General Motors Is Dropping CarPlay for Subscription Revenue autonews.com

One more story to complete the car news trifecta, and it is sort of like a cocktail of the last two stories: a little General Motors idiocy mixed with a dash of CarPlay confusion.

Molly Boigon, Automotive News:

Nearly a decade after most automakers touted smartphone mirroring through CarPlay and Android Auto as a standard feature, many wonder if they surrendered an important part of the car to big tech and are looking to reclaim the vehicle interface before Apple can expand its reach.

The automakers are emulating newcomers such as Tesla and Rivian Automotive, which opted to develop their own advanced interfaces instead of mirroring a smartphone screen. They want to claim an attractive revenue stream — subscriptions to software features sold to drivers directly through the infotainment center.

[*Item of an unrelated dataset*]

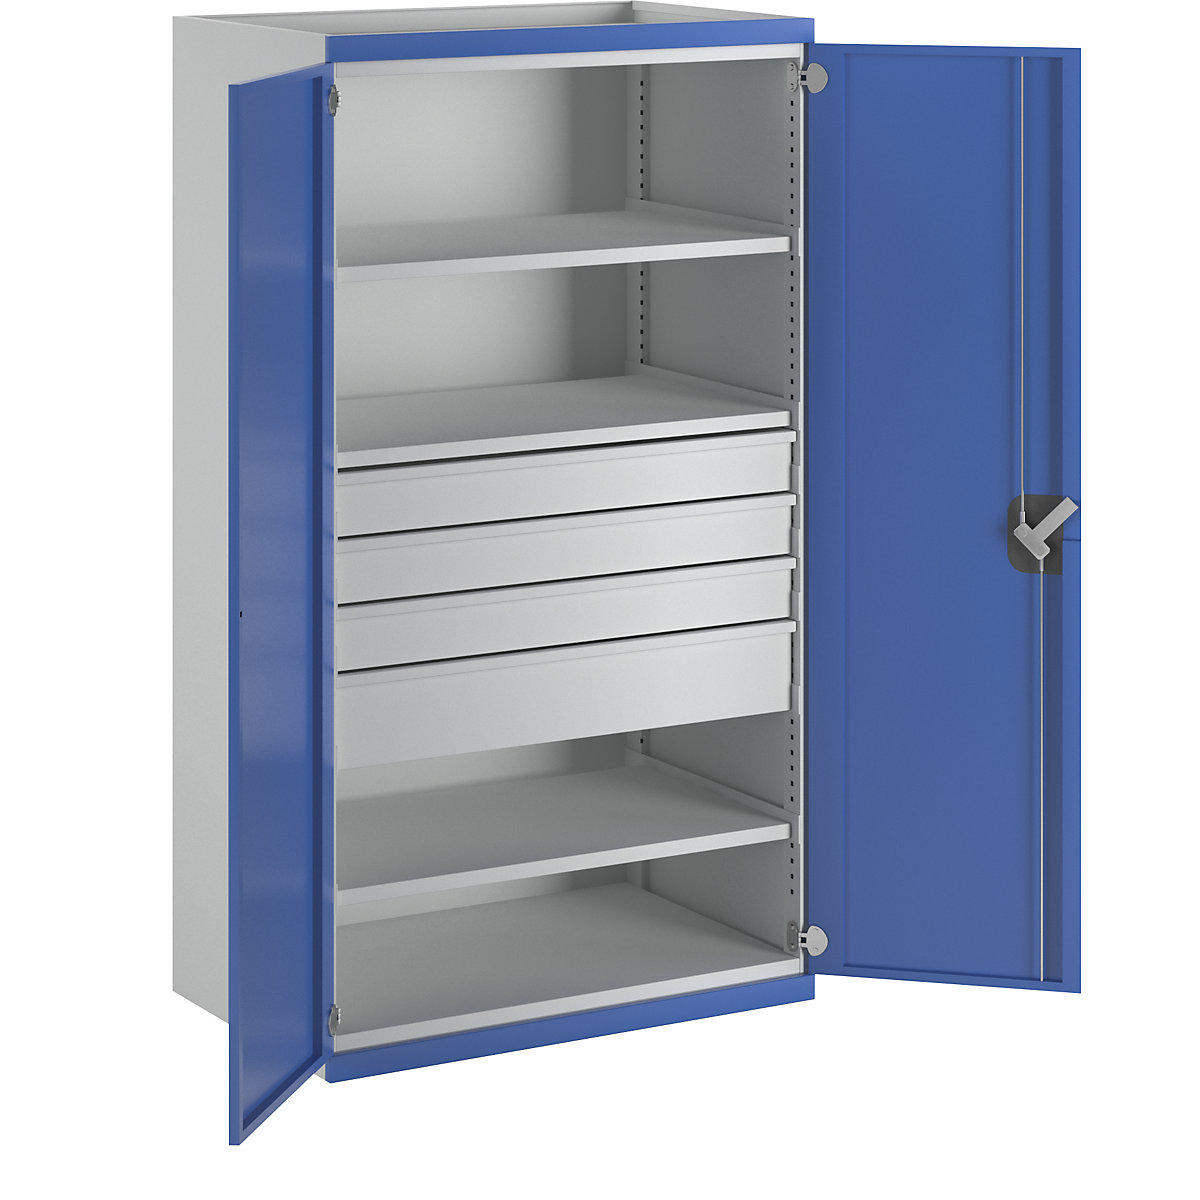 Heavy duty cupboard with 3 shelves – ANKE

It is like all the worst trends of the past decade are coming together in the toxic sludge that is the second quoted paragraph. Touch screens in cars replacing common button-based controls? Check. Consumer data harvesting? Oh yeah. Subscriptions? Better believe it.

According to surveys quoted in this article, people do not actually want any of this stuff. Car buyers want CarPlay because it beats the stock infotainment system pretty much always, and requires no fiddly configuration to get music and maps onto the dashboard. But people prefer physical controls for features like climate control and seat operations.

Also, high praise to Boigon for these two sentences later in the story:

GM is designing its new interface using Android Automotive, Google’s open-source software development kit. It is a different product from Android Auto, Google’s automotive phone mirroring software. […]

Truly a story that has everything, including Google’s unintelligible product strategy and naming conventions. I need to lie down.